Earlier this year my friend Dave Luke – who lived at Cae Mabon for six months in 2016 with his wife, author Anna Hope, and their baby Bridget – asked me to talk at the Breaking Convention conference he co-organises. It’s about altered states of consciousness and ways of getting there. I chose to talk about ‘high speech’, ways of talking – poetry, prayer, prophecy, incantation, spells, blessings, preaching, story – which can, in the right context, have the effect of lifting the state of mind of the listener.

In the opening section of my talk I said:

‘High Speech ranges from Pitjantjatjara elders sitting cross-legged on the sand, rattling their boomerangs and singing ancient songs from the Dreaming in a cascading song-chant melody, to Kate Tempest rousing the crowd at Glastonbury just last weekend. It’s not what is spoken in a state of being ‘high’, although it could be. Rather it’s about the kinds of speech that can in some way elevate the minds and beings of the listeners. Usually the language itself is not ordinary. It may use unusual or even archaic forms. It may not even be comprehensible. But the context, often a ritualised performance, gives it power. It can lift the listener into a state of wonder or rapture. It can invoke supernatural presence and great beauty. Certain words spoken at the right time and place to receptive people can evoke sublime feelings and bring about a transcendent state of mind. Inspired utterance can, in short, bring listeners into communion with the sacred.’

I went on to give examples mostly from Cymric (Welsh) mythology: vivid descriptions, rhetorical runs and incantatory passages from ‘Culhwch and Olwen’; my version of Merlin’s Prophecy, including lines pinched from the Egyptian Book of the Dead; Taliesin’s first inspired poem.

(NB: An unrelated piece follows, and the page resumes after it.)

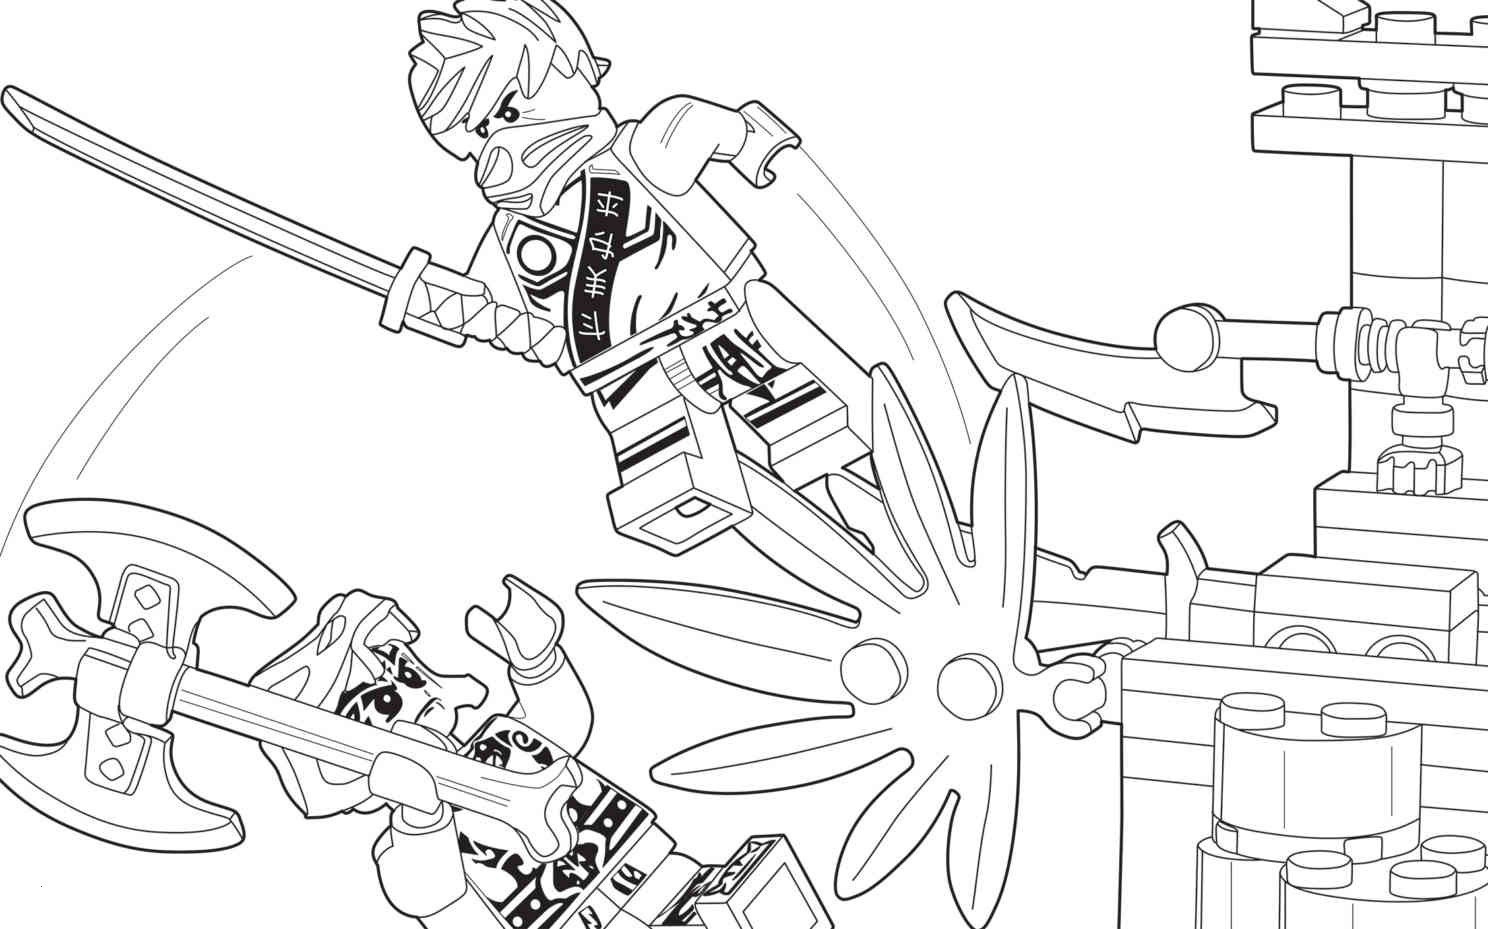 Ausmalbilder Lego Batman Neu 37 Lego Ninjago Malvorlagen Scoredatscore Genial Ausmalbilder Lego Sammlung

Despite it being the first time I’d given this talk it went down well enough. Dennis McKenna (brother of the famous Terence), who came on after me, was complimentary. But the best response was from Sam Ross, a contemporary poet in the inspired Taliesin tradition. His ‘review’ was priceless. He said:

Eric Maddern brought us ‘High Speech’ – not just the stuff you say when you’re high but words that make the soul soar – via the tale of Taliesin, the prophecy of Merlin and more. There is something profoundly moving in how long these stories, in one form or another, have been told - in how vividly Eric brings them to life and how deeply he embodies the language. I would go so far as to say that if you’re not “animystically” inclined Eric is probably the closest you will come to watching a tree or a stone talk! I’ve rarely laughed so hard as the night I saw him, full of little elves, telling the tale of Culhwch and Olwen around a fire in the Roundhouse at Cae Mabon. This ancient story was just so fucking funny on so many levels, from the absurd yet eminently sensible plot to the eye-glinting embellishments upon embellishments, to the fact that we were all so-called “modern people” rolling around on the floor of a reanimated roundhouse, enjoying some of the same kind of fun that most likely entertained our ancestors, and all this in a self-evident yet somehow unbelievable new context.’

Alas I’m not always so funny. But I’m working on it!